Typically, when a person dies, a fiduciary is recognized by the court and given the capacity to act on behalf of the deceased and his or her estate. In the past, the fiduciary would enter the home of the decedent in search of important documents and records. As part of that process, the fiduciary would also find things like letters and journals. The law is clear that the fiduciary has a duty to act in the best interests of the decedent.
Times have changed with the increase in digital documents. A survey released by digital security company McAfee in 2013 indicated that people value their digital assets, on average, at $35,000. An individual’s personal memories stored in digital form, such as photos stored in the cloud, were valued at approximately $17,000 according to the survey. Accessing these assets can be difficult, however, for fiduciaries acting today. It often involves gaining access to the decedent’s personal computer or online accounts, which requires usernames and passwords. Meanwhile, federal and state laws prevent unauthorized access to such things.

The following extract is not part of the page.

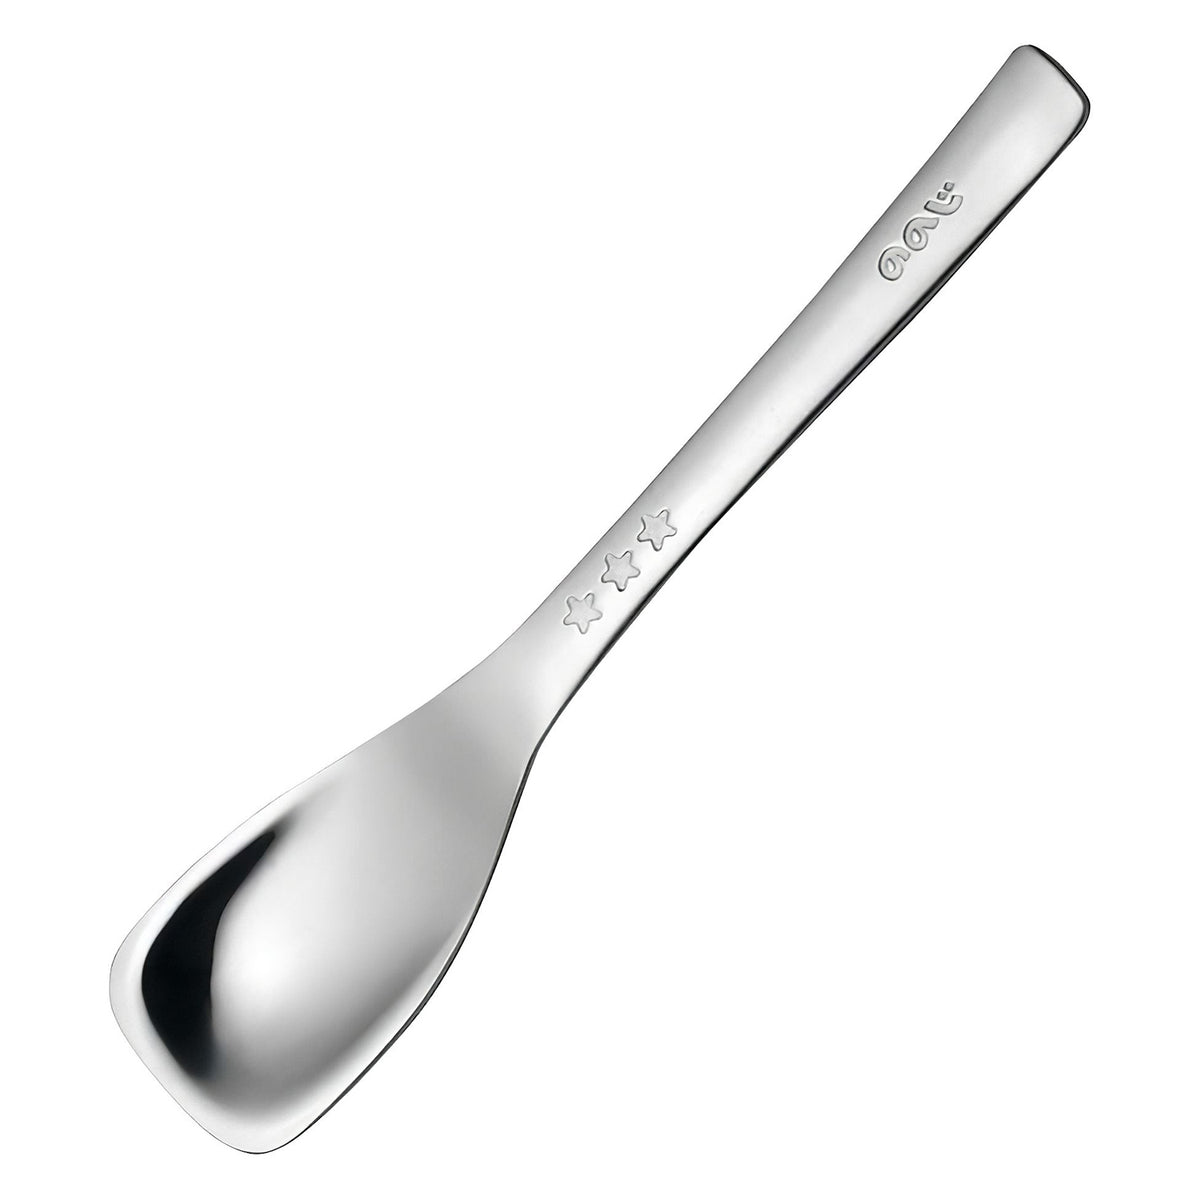 Nonoji Stainless Steel Spoon

The terms of service agreements required by many companies prohibit accessing a person’s account even with his or her permission. Individuals may want to think about who should have access to their accounts and personal computers and under what circumstances. An attorney with experience in estate planning may be able to help by drafting documents to cover the administration of digital assets. An attorney might provide advice regarding how to choose a fiduciary or how to value and organize digital assets.